■ **Task item**
In the entries that follow, find the line containing "Hot Wheels CUSTOM" and the line containing "duo danseurs n 4.jpg", then retype exactly the lines from the first through the second, pictures excluded.

■ **Data to use**
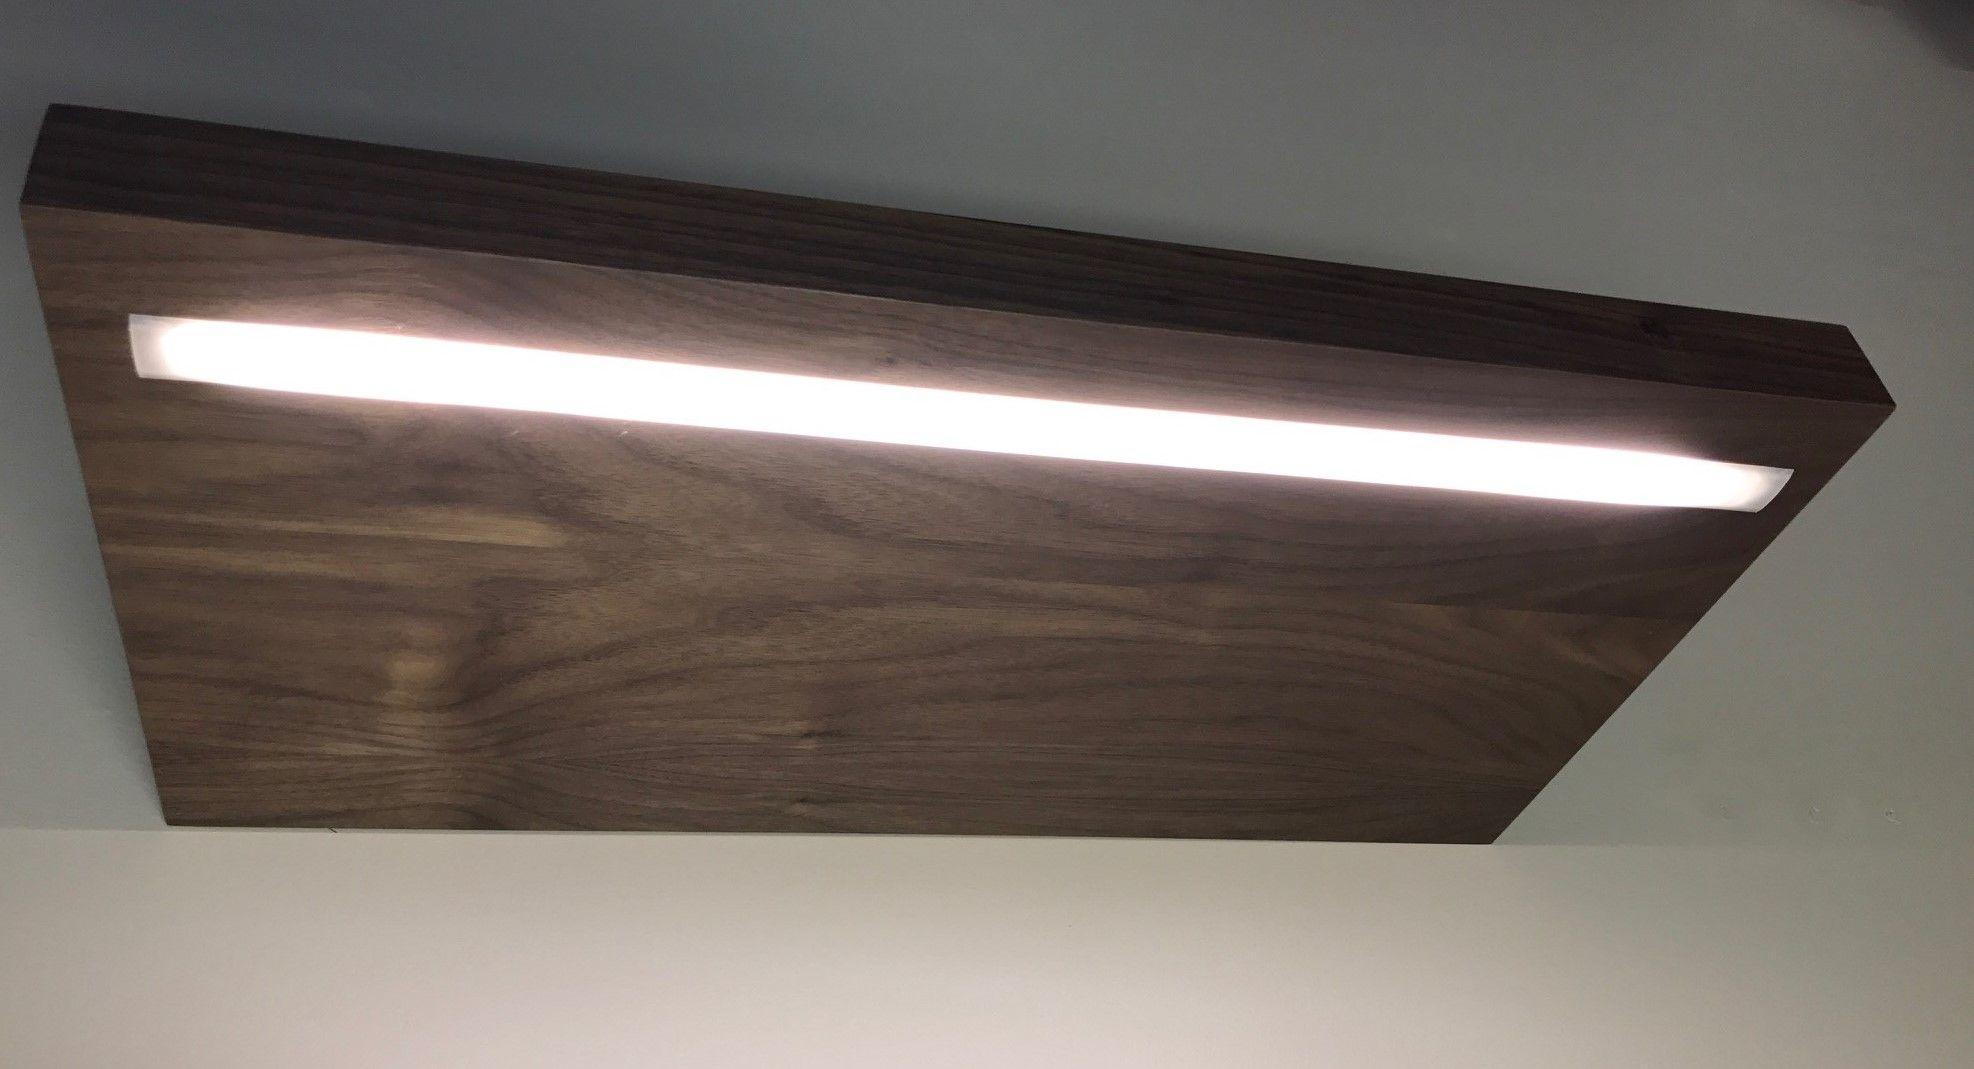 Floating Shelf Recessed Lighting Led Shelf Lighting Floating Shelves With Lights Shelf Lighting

--

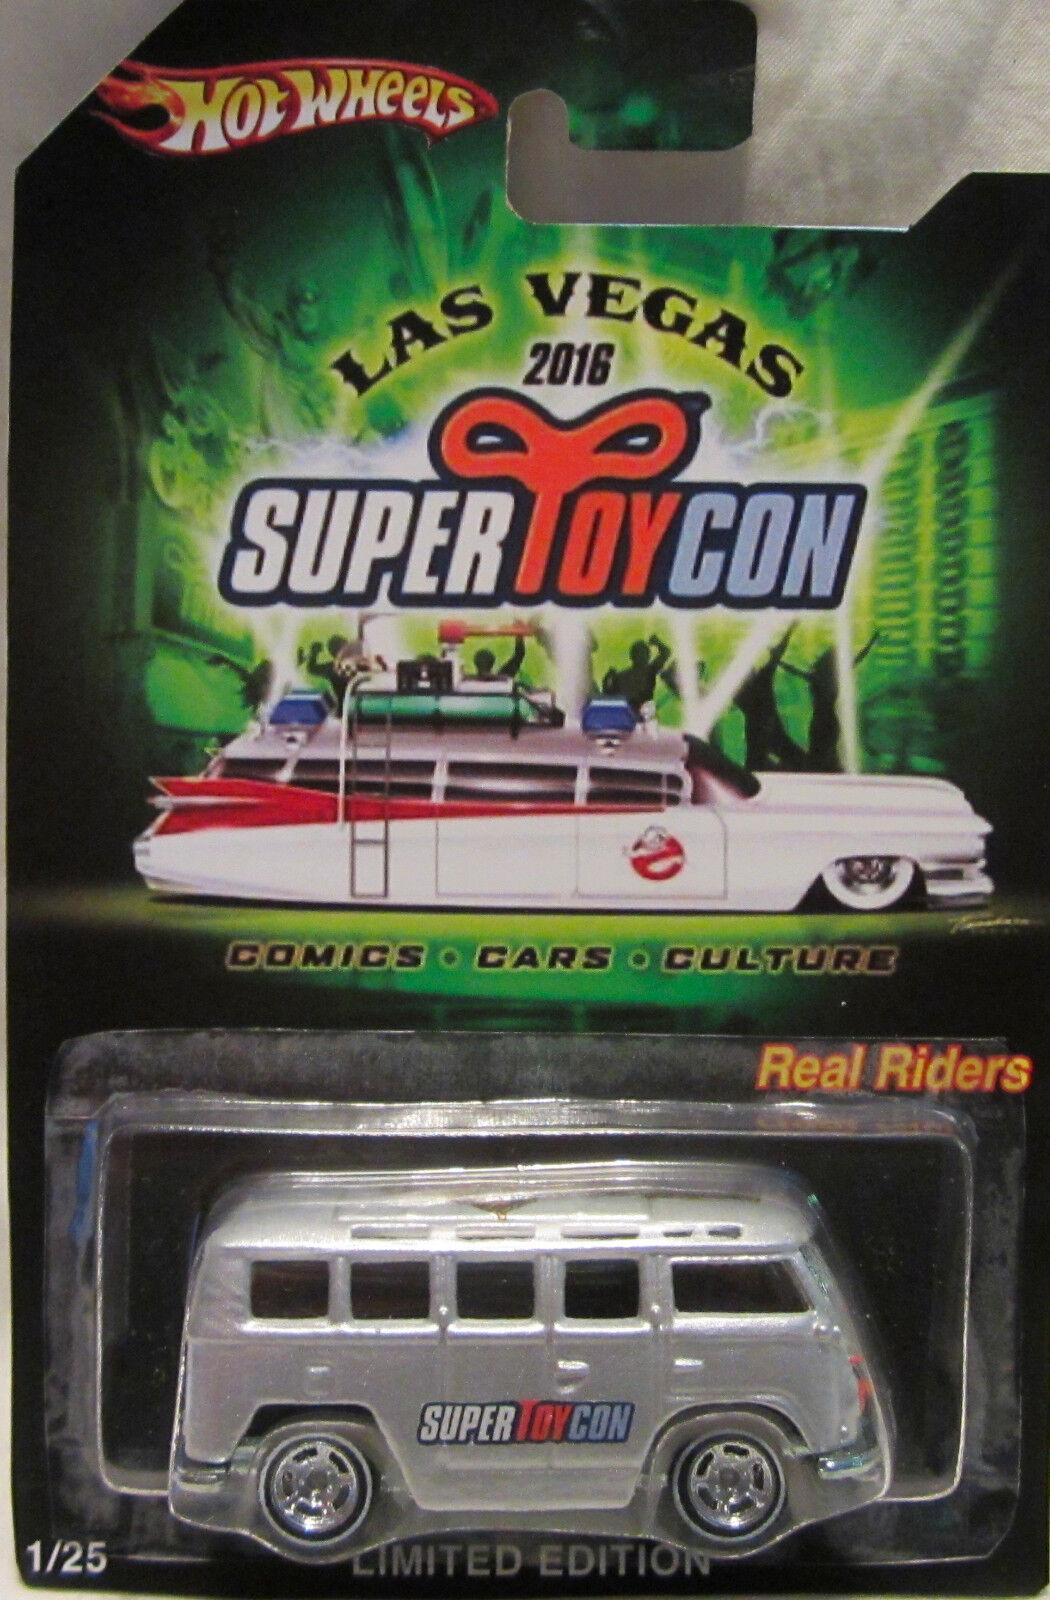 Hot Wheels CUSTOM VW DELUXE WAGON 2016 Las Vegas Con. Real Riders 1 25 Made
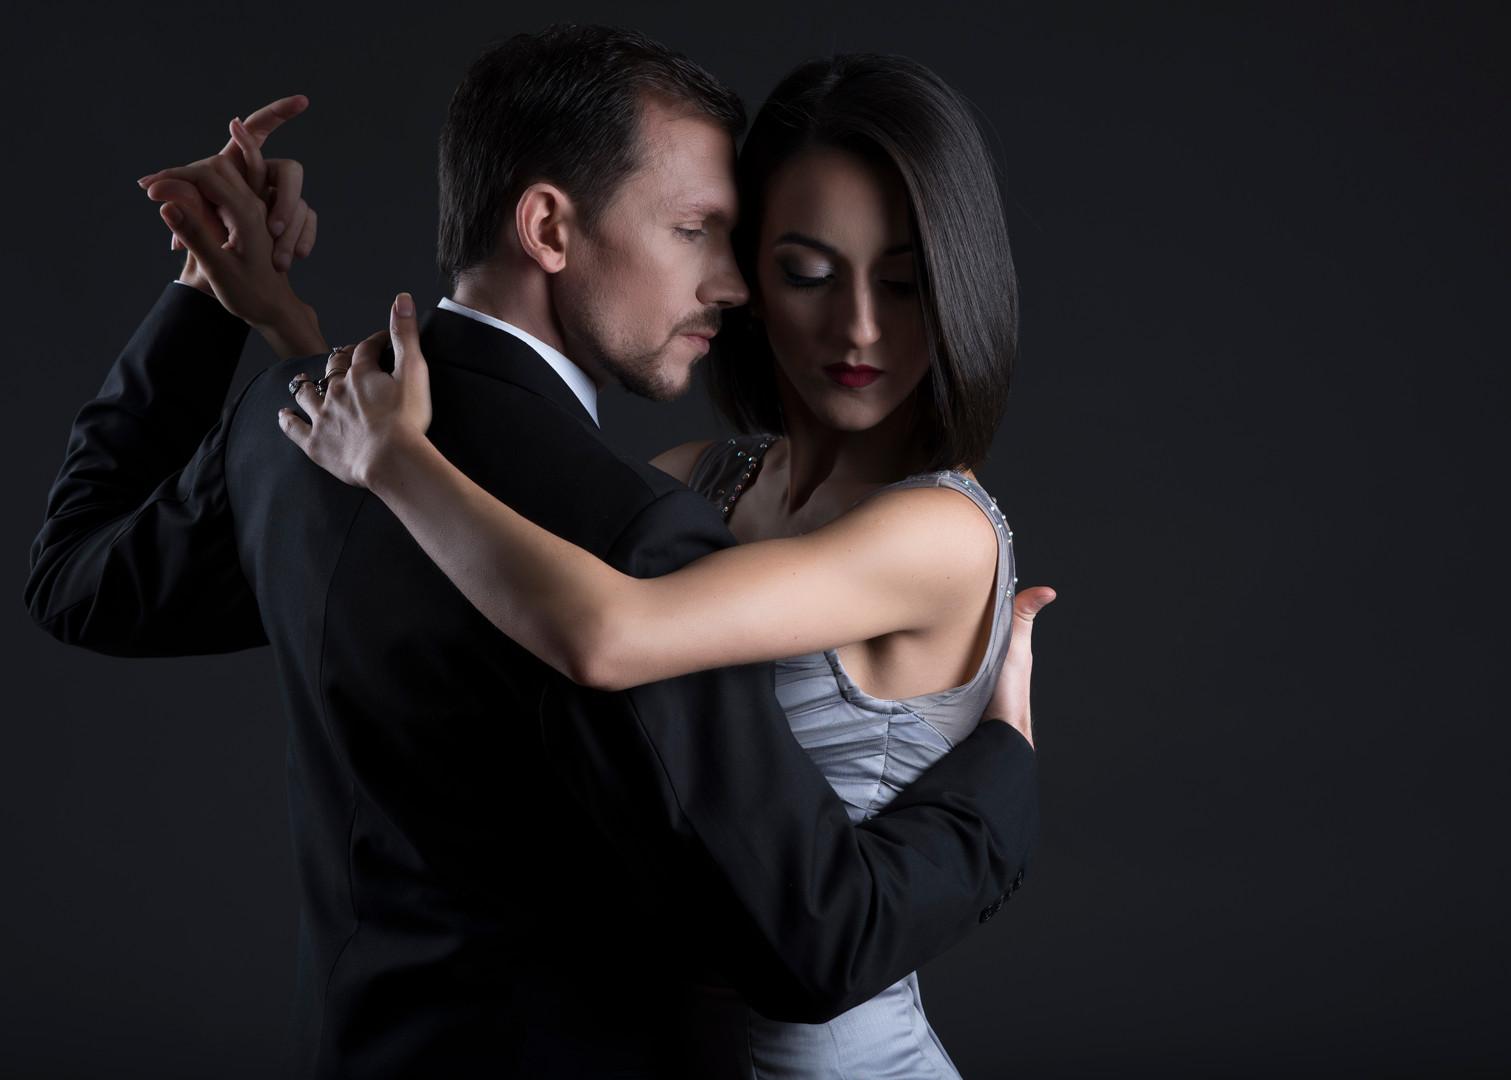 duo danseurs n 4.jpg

■ **Reply**
 Hot Wheels CUSTOM VW DELUXE WAGON 2016 Las Vegas Con. Real Riders 1 25 Made
 duo danseurs n 4.jpg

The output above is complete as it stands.